* EXERCISE BRIEF *
Write out, word for word, the part of the listing below that opens with the line containing "[NEW!] AUTOMOTIVE ENGINEERING" and closes with the line containing "Multi Pochette - mẫu", keeping both of those lines and adding no others.

*** DATASET RECORDS Section Begins ***

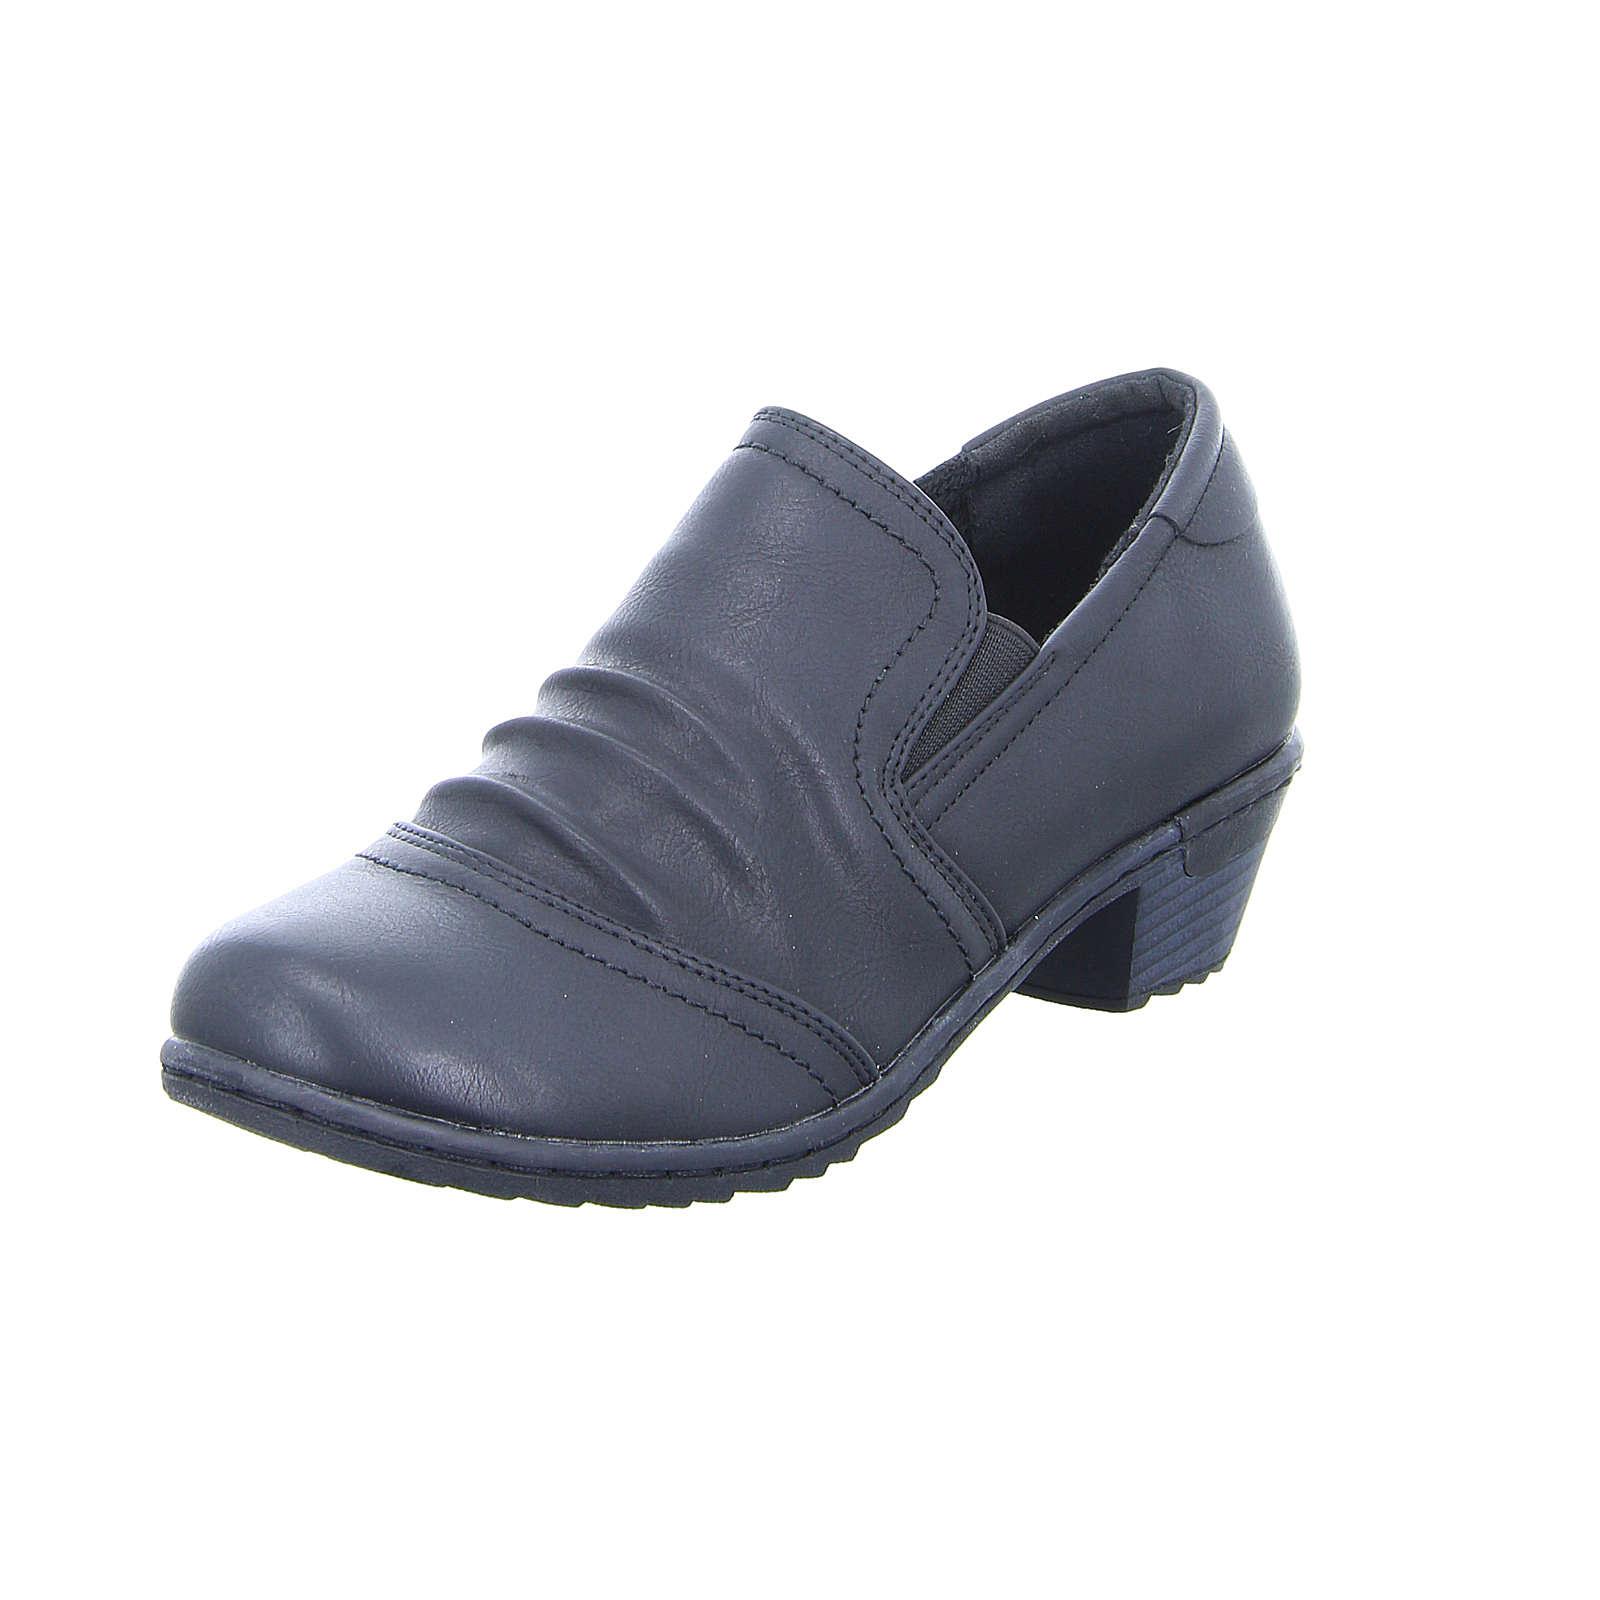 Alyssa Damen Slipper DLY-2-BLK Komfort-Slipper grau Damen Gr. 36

*** DATASET RECORDS Section Ends ***
*** DATASET RECORDS Section Begins ***

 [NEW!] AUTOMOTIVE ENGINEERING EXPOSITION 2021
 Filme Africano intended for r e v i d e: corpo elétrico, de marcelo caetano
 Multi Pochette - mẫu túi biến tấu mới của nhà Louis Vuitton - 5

*** DATASET RECORDS Section Ends ***
*** DATASET RECORDS Section Begins ***

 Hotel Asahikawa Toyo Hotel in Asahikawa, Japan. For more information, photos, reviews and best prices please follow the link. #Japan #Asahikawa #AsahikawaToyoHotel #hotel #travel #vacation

*** DATASET RECORDS Section Ends ***

* WRITTEN RESPONSE *
 [NEW!] AUTOMOTIVE ENGINEERING EXPOSITION 2021
 Filme Africano intended for r e v i d e: corpo elétrico, de marcelo caetano
 Multi Pochette - mẫu túi biến tấu mới của nhà Louis Vuitton - 5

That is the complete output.